There is so much that bothers, angers and saddens me about
the current news about the changes at Alabama’s three largest newspapers.
But what struck me strongest this morning, when I opened my newsPAPER
to see the news about workers’ notification of job losses, is just how
un-newspaper-like the story (company announcement) was presented, and, at least
for now, printed.
It was not until paragraph seven that the “lead” of the
story emerged – “about 400 employees statewide will experience an employment
loss.” There’s your story, almost at the end of the story, and this in a news
story about a news company.
When I worked for 15 years in corporate communications --writing
news releases about job cuts and reorganizations, acquisitions, layoffs and
closures more times than I care to remember, including the one that eliminated
my job and more than half of our department – this would not have been accepted
or even tried.
If we sent a news release to any newspaper or media outlet leading
with dribble-drabble about “new focus” and buried the information about impact
on people and communities, it would not fly with even a small town
reporter-editor, much less a big city one. And rightly so. And we didn’t try.

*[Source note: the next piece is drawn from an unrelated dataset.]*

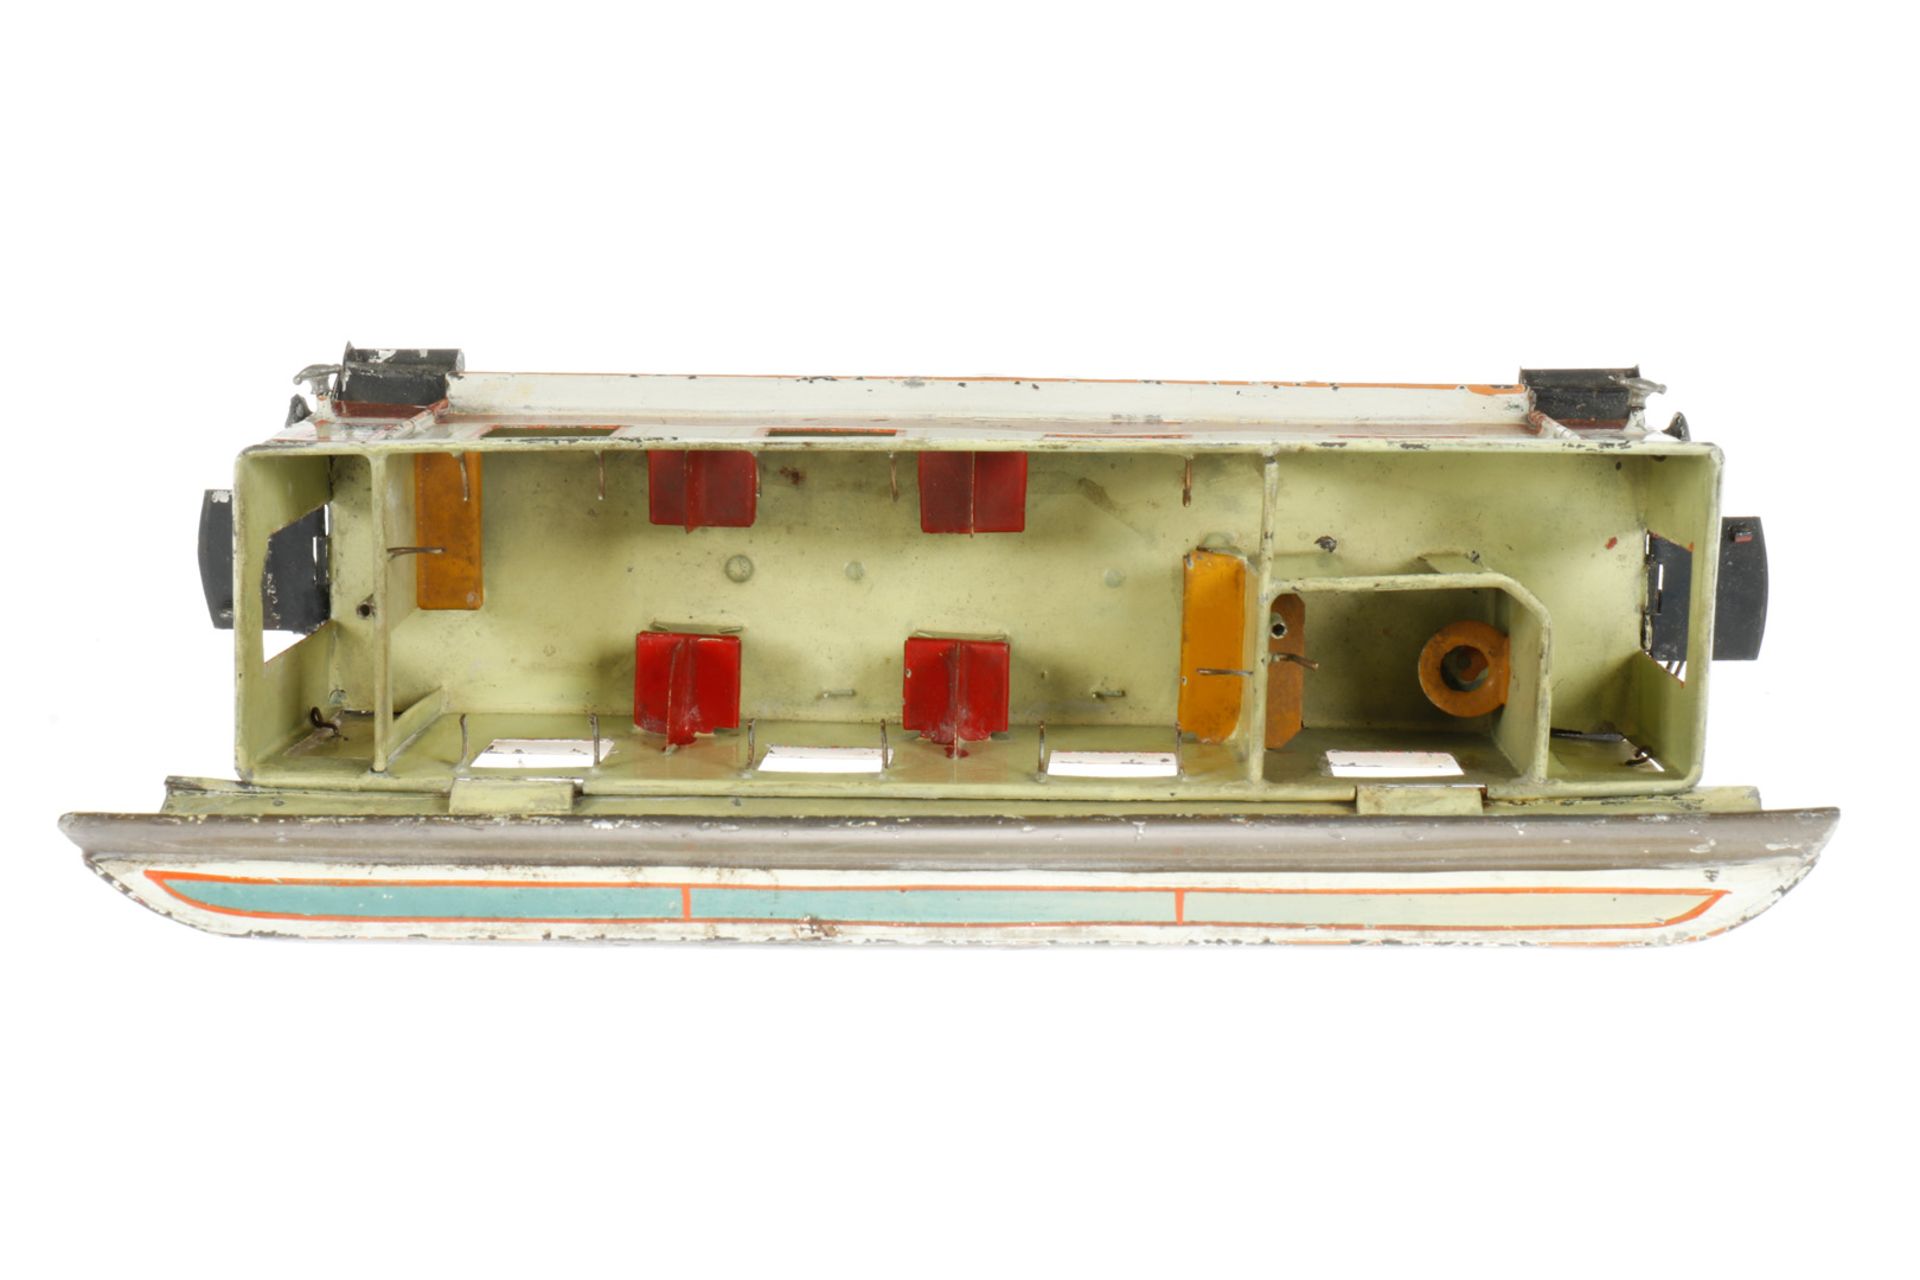 Märklin Schlafwagen “40“ 1843 K, S 1, uralt, braun/weiß, HL, mit Inneneinrichtung (Betten und - Bild 6 aus 6

We in corporate communications – usually with former reporters in the mix –
knew that the media would not and should not accept and run as presented a news
release that buried the real news, the real impact on communities and people.

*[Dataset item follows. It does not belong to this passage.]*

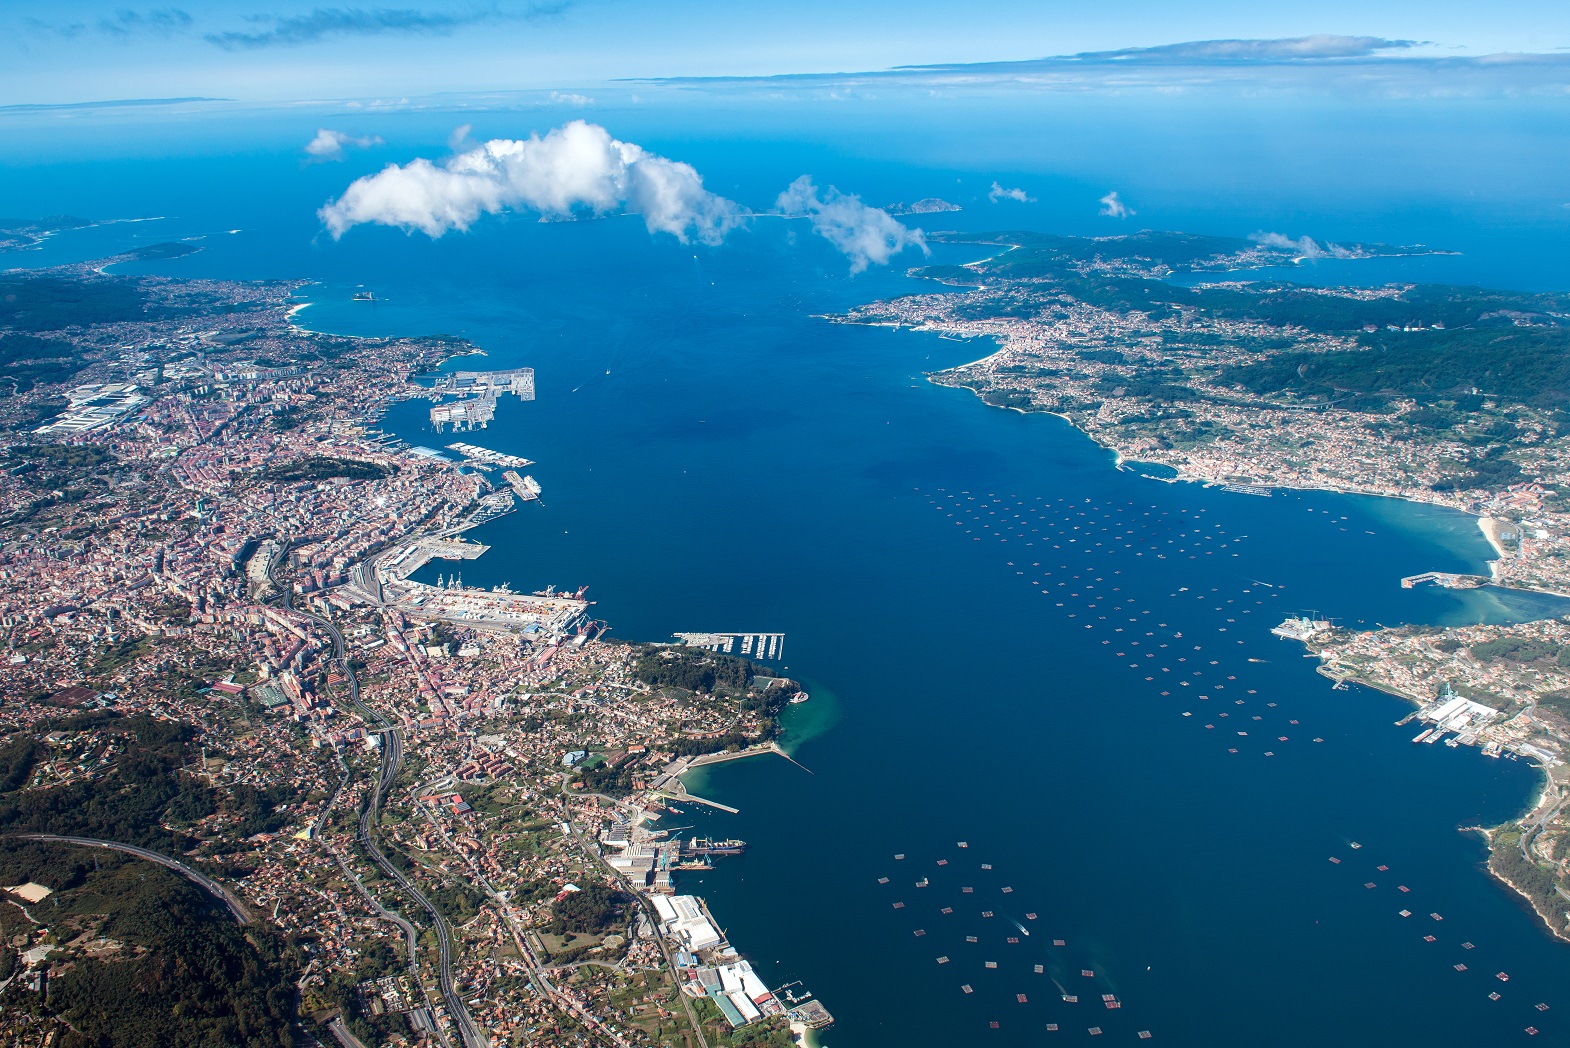 Foto aerea de la ría de Vigo

Reporter and editors would ask the questions about jobs and
numbers and impact and rewrite the company statement to lead with 400 job cuts. (That’s 400 out of how
many jobs?)
That would be the headline. It always was, and always should
be, because that is the NEWS.
But when the company doing the downsizing owns the media
outlets, the rules are obviously different.
To me, it’s just another disappointment.
For the reporters, editors, copyeditors, production, sales and
delivery folks who got their manila envelopes Tuesday, the disappointment and
worry is personal and devastating. Some apparently received the message that
they would stay and others were invited to compete for some 100 jobs in the new
companies. Others got the word that they are gone, job eliminated, and here’s
the process to find out about your severance package.
There’s no doubt what was the NEWS in the newsrooms and
composing rooms and print and delivery offices yesterday. I know that the
reporters and editors at these fine publications recognize the irony that their
news story was not really treated like other news stories. But, they have other
concerns, most of them, like finding a job and applying for that max $225 in weekly
unemployment. Good luck my friends, it’s tough out here, said the
journalist-corporate communications manager-turned office administrator.
It's a small thing in the big picture, I suppose, when media
companies bury the bad news in their news releases about job cuts, because they
can. I’m ranting, and I know it.
“Media company restructuring to eliminate 400 jobs statewide”
-- That’s the headline that should have come with this latest announcement
about digital focus changes, and it would have if this was an announcement by a
manufacturer or a retail company, service center, sawmill, steel mill or a power plant.
And, it really doesn’t matter if this headline appears
digitally (which it does in this blog) or in print.
It’s the news, it’s
reporting. It’s a free press in a free country.
And we’re going to miss it when it’s gone.